我们评估了来迪派韦/索磷布韦(LDV/SOF)治疗丙型肝炎病毒(HCV)1型的有效性,以及索磷布韦/维帕他韦(SOF/VEL)治疗所有基因型的有效性,研究对象为注射毒品者(PWID)以及未注射毒品者,且这些人正在接受或未接受阿片类激动剂治疗(OAT)。研究参与者来自加拿大不列颠哥伦比亚省一个基于人群的队列。不列颠哥伦比亚省肝炎检测队列包含了1990年至2016年接受HCV检测的个体数据,这些数据与医疗就诊、住院及处方药数据整合在一起。我们将研究参与者分为未接受OAT/近期注射毒品(未接受OAT/近期注射毒品组)、未接受OAT/既往注射毒品(未接受OAT/既往注射毒品组)、未接受OAT/未注射毒品(未接受OAT/未注射毒品组)、接受OAT/注射毒品(接受OAT/注射毒品组)以及接受OAT/未注射毒品(接受OAT/未注射毒品组)。我们评估了在2018年1月13日前接受LDV/SOF或SOF/VEL治疗的研究组中,HCV治疗10周后的持续病毒学应答(SVR)情况。分析纳入了5283名符合条件的参与者:390名未接受OAT/近期注射毒品组、598名未接受OAT/既往注射毒品组、3515名未接受OAT/未注射毒品组、609名接受OAT/注射毒品组以及171名接受OAT/未注射毒品组。大多数为男性患者(64% - 74%),年龄≥50岁(58% - 85%)。
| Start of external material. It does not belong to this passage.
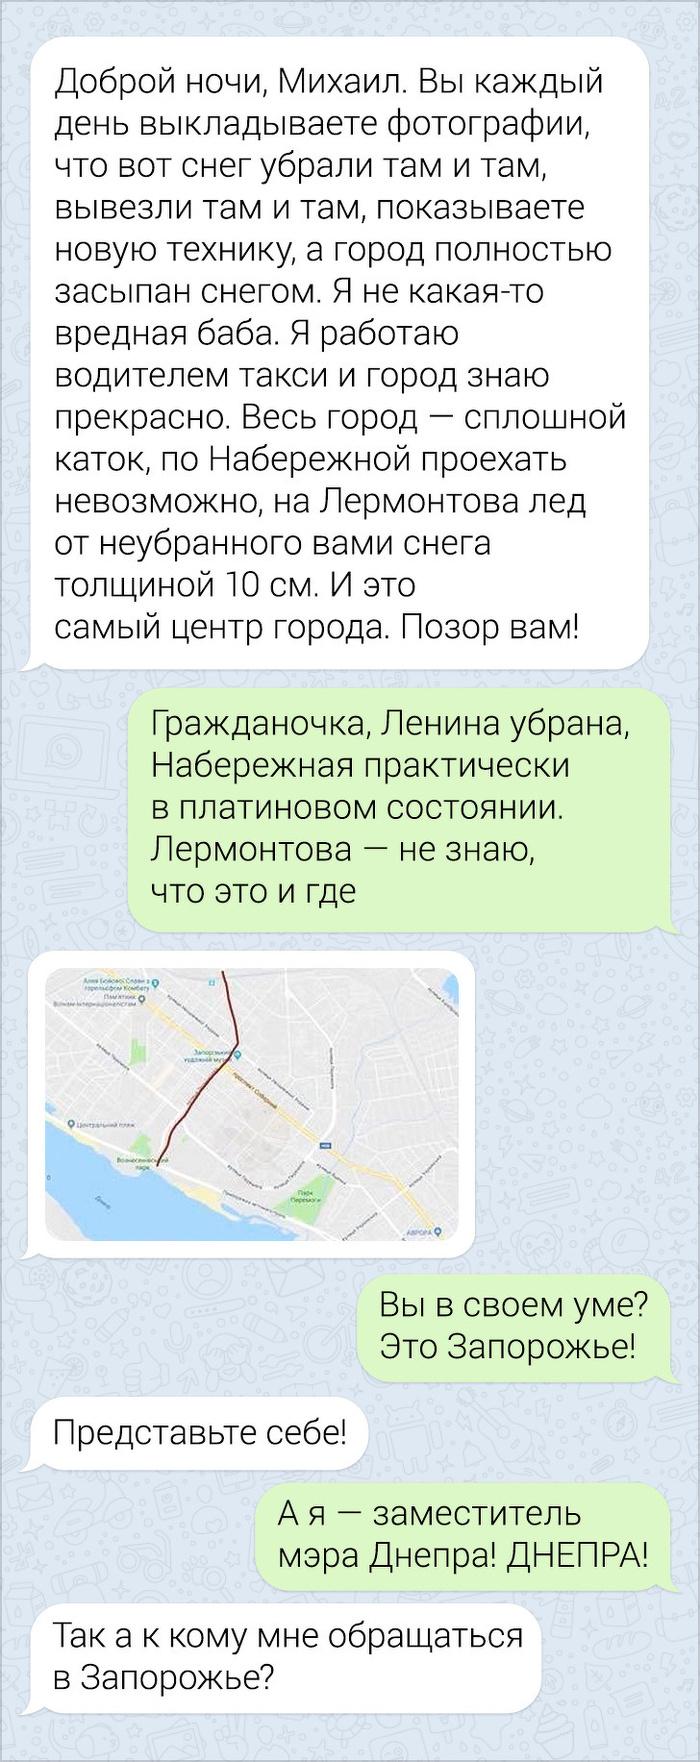 Мэр Мэр, Город, Переписка, Длиннопост

未接受OAT/近期注射毒品组、未接受OAT/既往注射毒品组、未接受OAT/未注射毒品组、接受OAT/注射毒品组以及接受OAT/未注射毒品组的SVR分别为91%(355/390)、95%(570/598)、96%(3360/3515)、93%(567/609)以及95%(163/171)。在未实现SVR的患者中,有14人在治疗期间或SVR评估前死亡,其中4人死于非法药物过量。在总体多变量模型中,未接受OAT/近期注射毒品组、接受OAT/注射毒品组、男性、肝硬化、治疗时长<8周、治疗时长8周以及使用SOF/VEL治疗与未实现SVR相关。在这个大型真实世界队列中,注射毒品者和/或接受OAT治疗者实现了较高的SVR,尽管略低于未注射毒品者。这一发现也凸显了采取额外措施以防止注射毒品者失访以及与过量用药相关死亡的必要性。